Data excerpt:
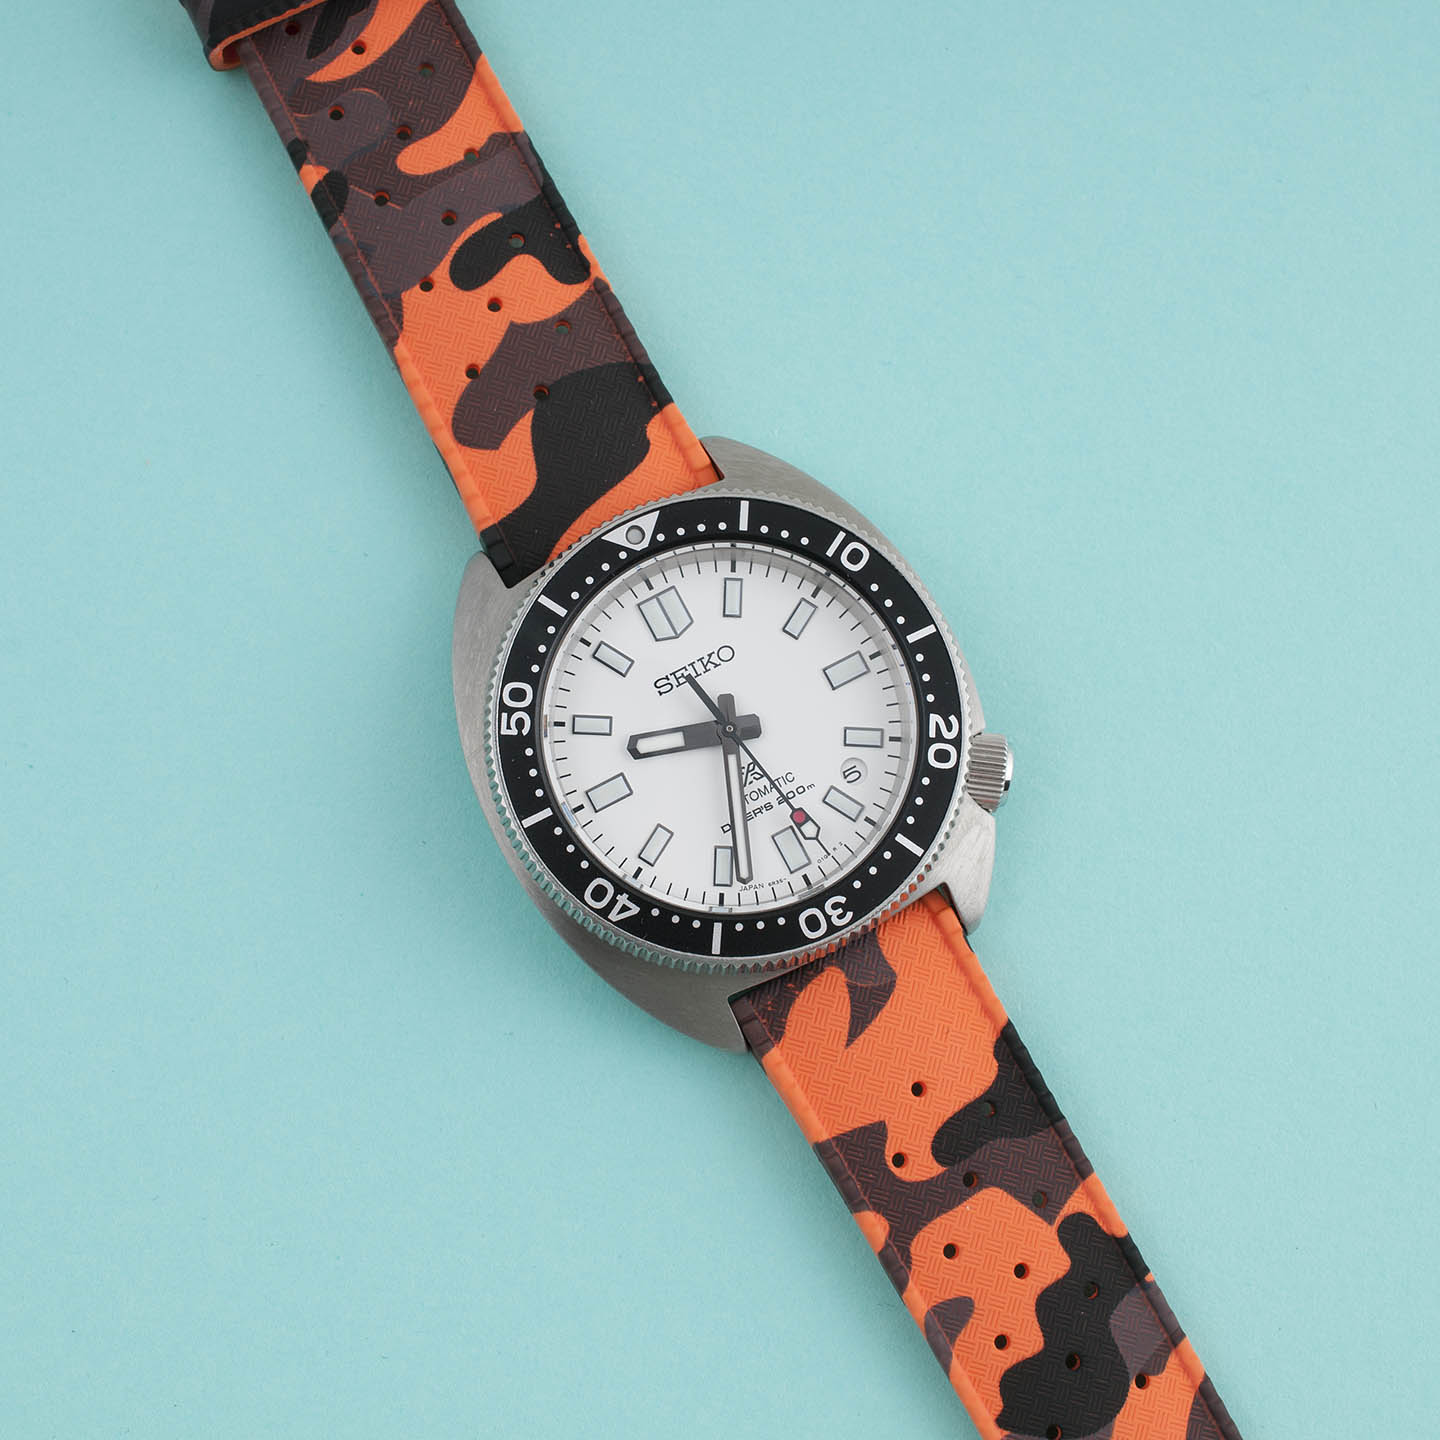 Tropical retro vintage replacement watch strap band FKM rubber tropic 19mm 20mm 21mm 22mm orange camo camouflage seiko spb313 slim willard white
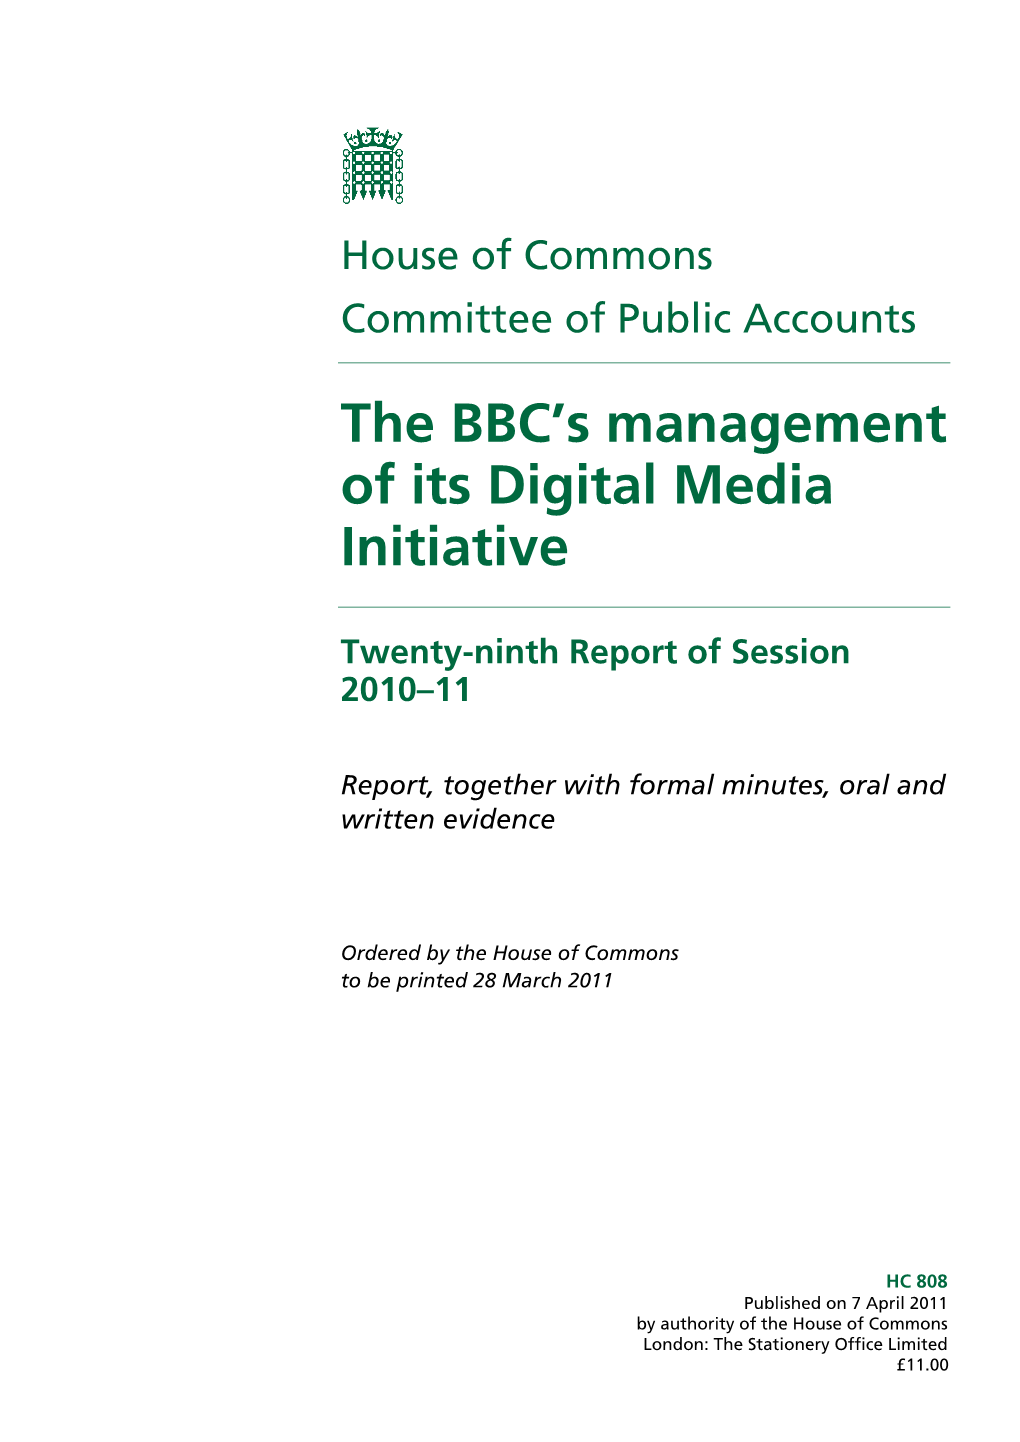 The BBC's Management of Its Digital Media Initiative
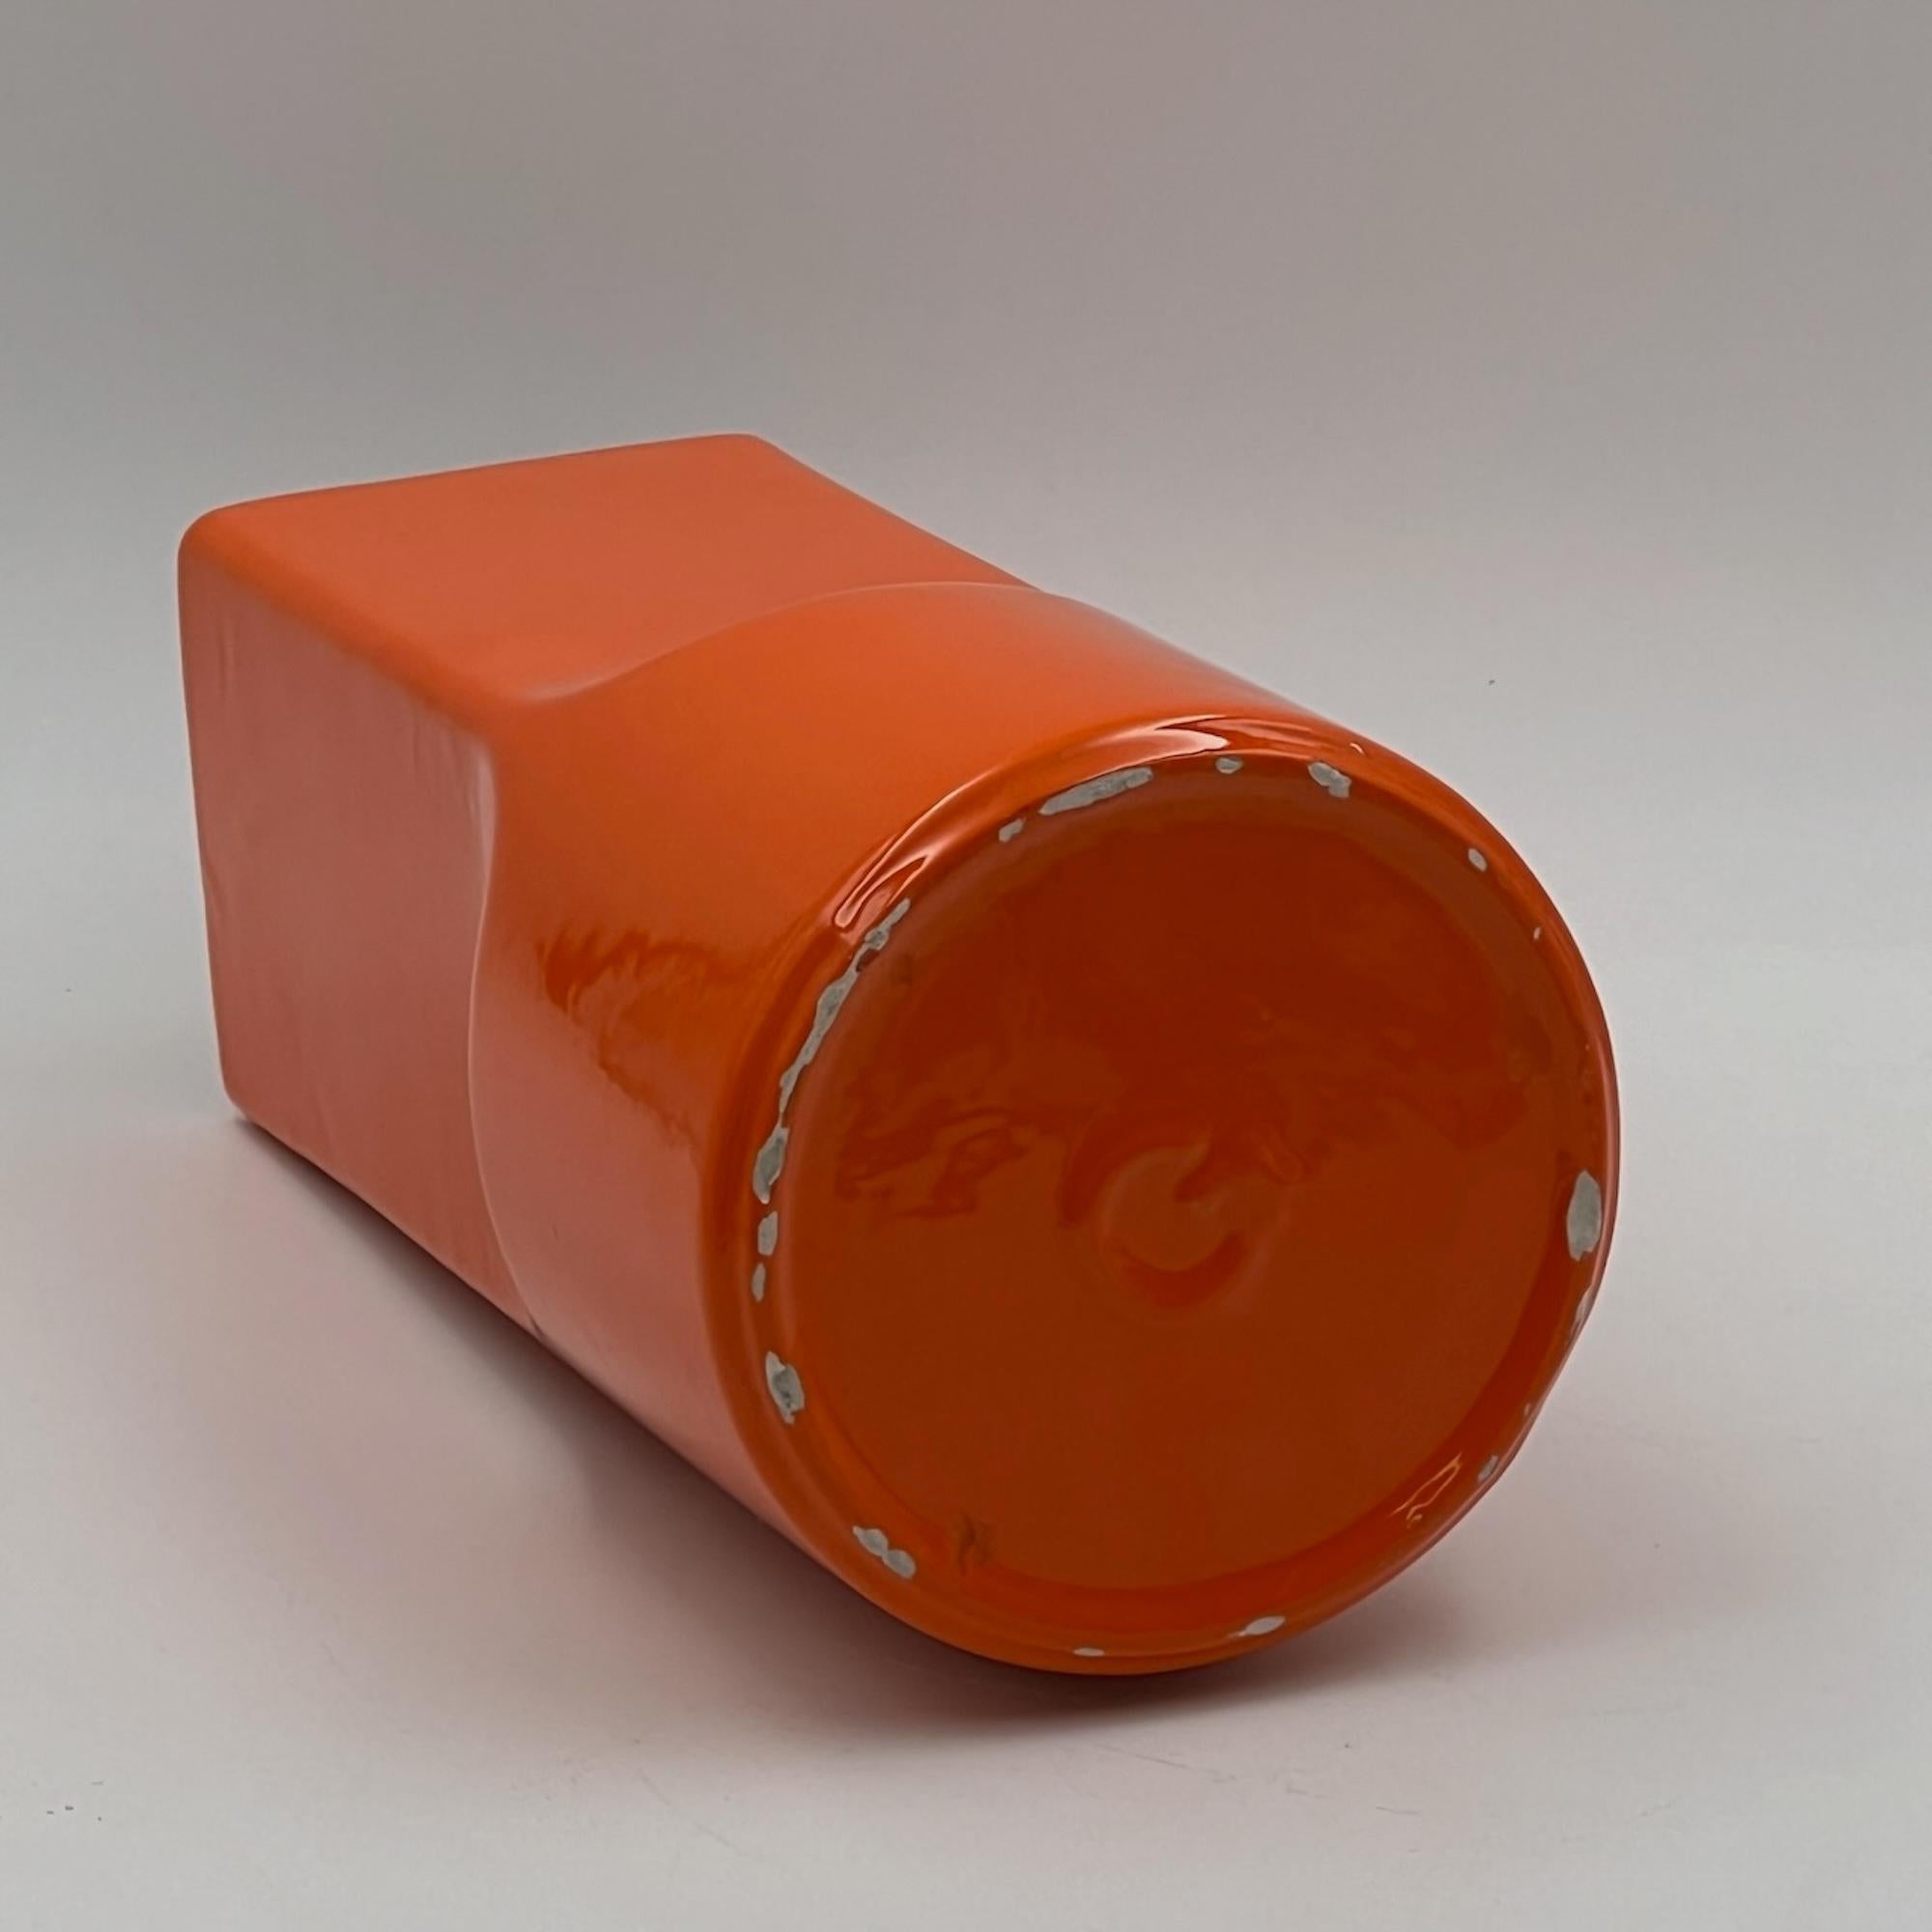 Space Age Gabbianelli Handmade Ceramic Vases in Orange and White, 1960s For Sale 4

Aim of the exercise: The result should be the material above, unchanged and free of pictures; please print it.

Response to the exercise:
 Tropical retro vintage replacement watch strap band FKM rubber tropic 19mm 20mm 21mm 22mm orange camo camouflage seiko spb313 slim willard white
 The BBC's Management of Its Digital Media Initiative
 Space Age Gabbianelli Handmade Ceramic Vases in Orange and White, 1960s For Sale 4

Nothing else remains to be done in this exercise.